In a recent paper published in the journal Scientific Reports, researchers evaluated the efficacy of ML algorithms in radiomics across varied clinical queries and identified reliable strategies regardless of datasets.
Background
Radiomics involves quantitatively extracting multiple features from medical images to uncover predictive and diagnostic biomarkers. This approach has shown the potential to yield results by utilizing ML techniques to reveal hidden insights from images. However, the absence of established norms presents an obstacle to deploying radiomic biomarkers in clinical environments.
A radiomics study comprises cohort constitution, image acquisition, region of interest (ROI) segmentation, feature extraction, modeling, and validation. Modeling involves feature selection and prediction, offering multiple methods and yielding varied combinations. No consensus on preferred algorithms for radiomics exists. While some test various algorithms, this risks false positives.
Despite initiatives such as the Radiomics Quality Score, adherence remains low. Biases can emerge from dataset differences, operator variability, and algorithm overfitting. The objective of this study is to identify the optimal combinations of algorithms for achieving stable radiomic performance. This aims to provide guidance in making modeling decisions and to underscore the key factors influencing performance.
Methodology overview
Investigating radiomic performance
To assess the impact of method and algorithm choices on model performance, ten datasets from published radiomics studies were employed. The research adhered to the Declaration of Helsinki, which is a set of ethical principles regarding human experimentation and received ethical approval. Various datasets, including COVID-19, sarcopenia, head and neck, uterine masses, and orbital lesion cases, were employed. These datasets included radiomic features extracted from varied imaging methods for binary diagnoses, with 97 to 693 patients and 105 to 606 features per sample.
The evaluation employed seven commonly used feature selection algorithms and 14 binary classifiers. Different feature selection algorithms and classification approaches were examined with a focus on maximizing the area under the receiver operating characteristic curve (AUC) through grid-search and nested cross-validation strategies. The procedure was performed on ten datasets, employing different train-test splits and varying numbers of selected features. This process yielded a total of 13,020 calculated AUCs.
Statistical analysis of the results
To assess the variability of AUC, researchers utilized the Multifactor Analysis of Variance (ANOVA) technique. Factors analyzed associated with AUC include dataset, feature selection, classifier, feature count, imaging modality, train-test split, and interaction effects.
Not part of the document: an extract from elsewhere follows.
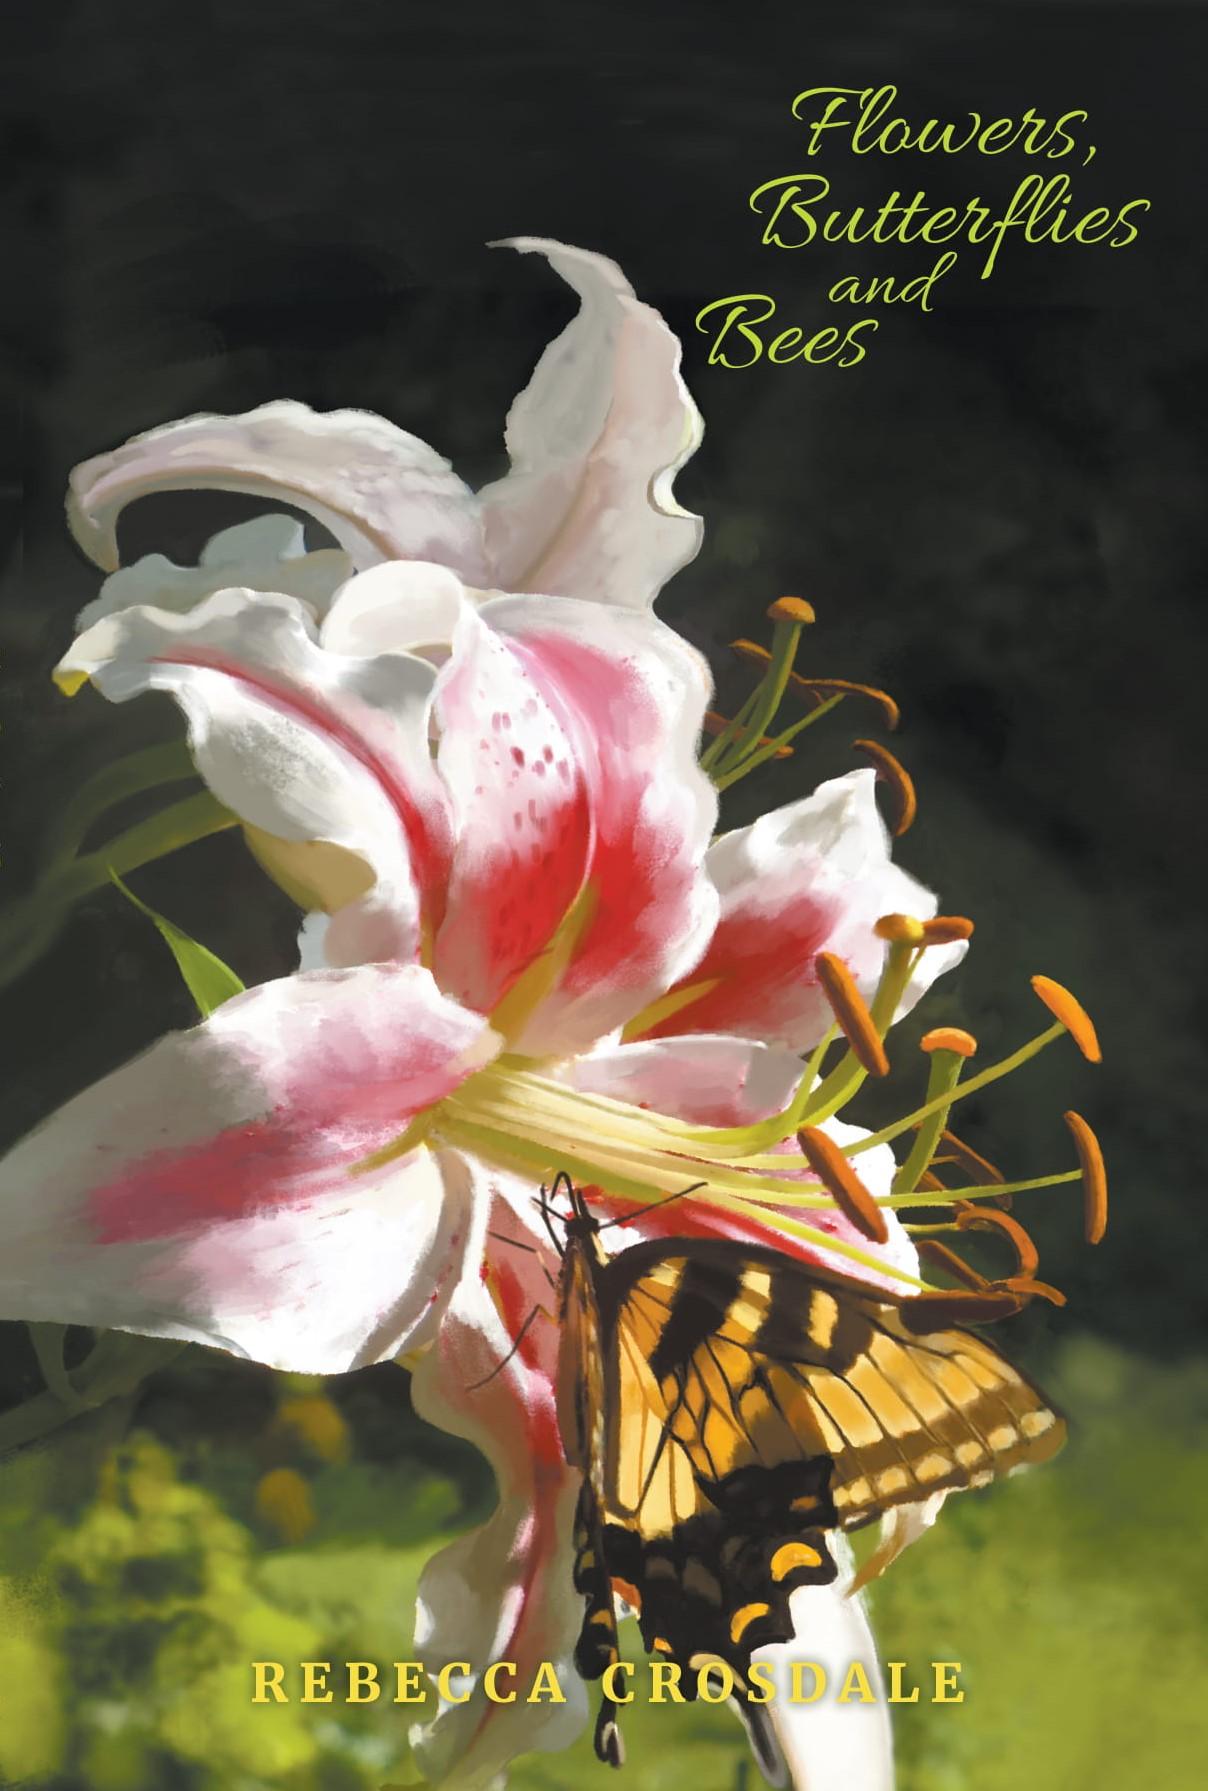 flower butt_front
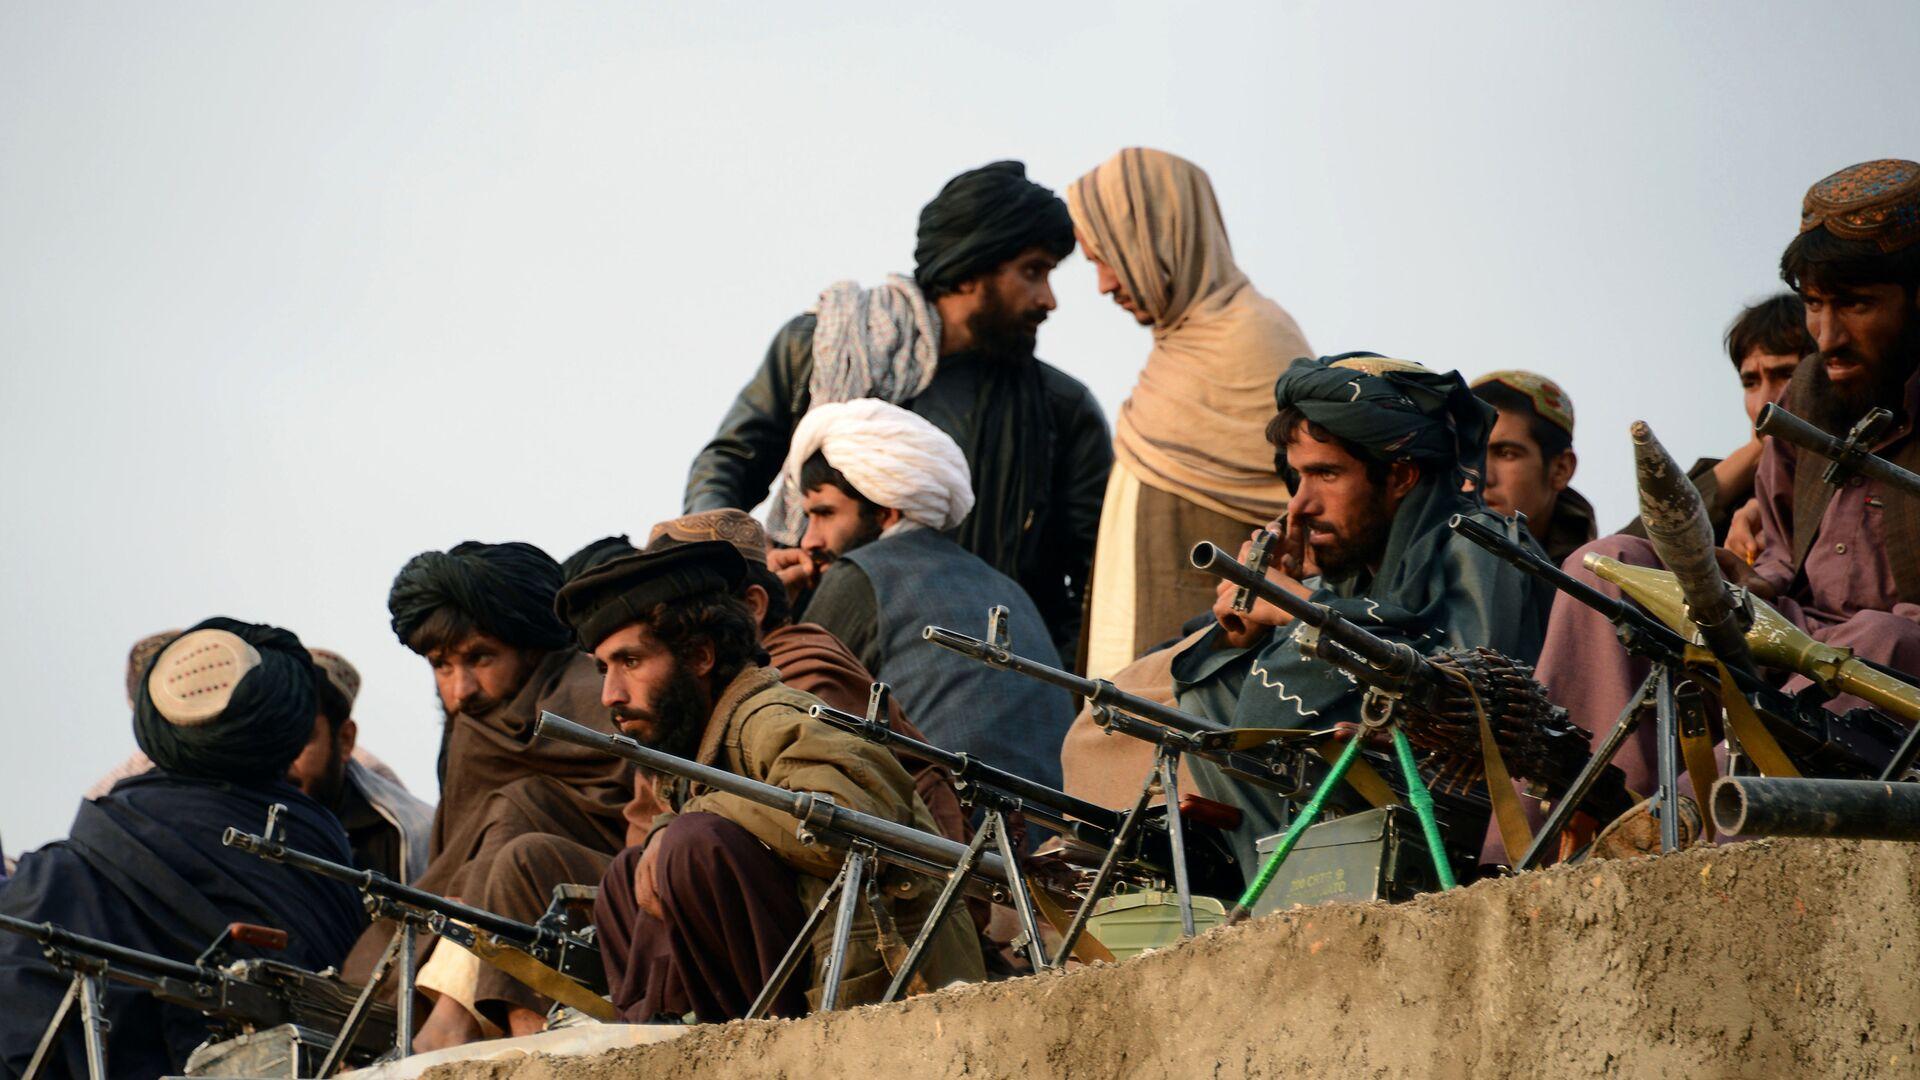 Combatientes de Talibán en Afganistán (archivo) - Sputnik Mundo, 1920, 31.07.2021

The impact of each factor or interaction is quantified using the proportion of variance. The results were presented in terms of frequencies or ranges.
Median AUC, 1st quartile (Q1), and 3rd quartile (Q3) were calculated for every feature selection, classifier, dataset, and split. Boxplots were used to illustrate outcomes. Friedman tests, followed by Nemenyi-Friedman tests, were utilized to compare the median AUCs of the algorithms. Additionally, heatmaps are employed to portray feature selection and classifier results.
Key Findings: The AUC values spanned 0.20 to 0.91 across all combinations, with 3.4% of values below 0.5. Multifactor ANOVA explained 55% of the variance in modeling performance by identifying factors and their interactions. The dataset contributed the most (17%), followed by the classifier (10%) and the train-test split (9%). Feature selection influenced 2%, while features and imaging modality impacted less than 1%. The remaining 17% is explained by the interactions between the factors.
Information theory-based methods such as Joint Mutual Information Maximization (JMIM) and Joint Mutual Information (JMI) excelled, ensuring consistently good outcomes. All feature selection algorithms outperformed random feature selection. Linear methods and random forests consistently performed well. Some algorithms, such as k-nearest neighbors (KNN) and XGBoost, showed occasional high performance.
The heatmap revealed that median AUC values ranged from 0.57 to 0.74 for all feature selection algorithms and classifiers. Optimal combinations involved top feature selection and classifier algorithms.
Key insights from the study
This study scrutinized diverse combinations of feature selection algorithms and classifiers across ten datasets. Dataset impact on performance variation was primary, reflecting data information quantity. Information theory-based feature selection algorithms consistently outperformed others, while ANOVA showed little feature selection influence. Classifier choice significantly impacted performance within a dataset. Some classifiers, such as Random Forest, Linear Discriminant Analysis, and Ridge Penalized Linear Regression, showed steady success. However, no single algorithm consistently outperformed others.
The findings of the current study aligned with prior research findings. Dataset features and sizes affect overfitting and generalizability. Nested cross-validation offers a more robust evaluation. Balancing optimization and overfitting are crucial when testing multiple models, preventing false discoveries. Algorithm similarity yields comparable outcomes. Balancing different classifier families may be an efficient strategy. The study used 10 datasets, enhancing generalizability, yet dataset similarities constrained certain analyses.
Conclusion
In summary, many diverse factors influence model variations in radiomics, including dataset, classifier, and train-test split. Testing a few feature selection and classifier combinations is advised to prevent false discoveries and overfitting. Information theory-based feature selection and penalized linear models with random forest classifiers performed consistently.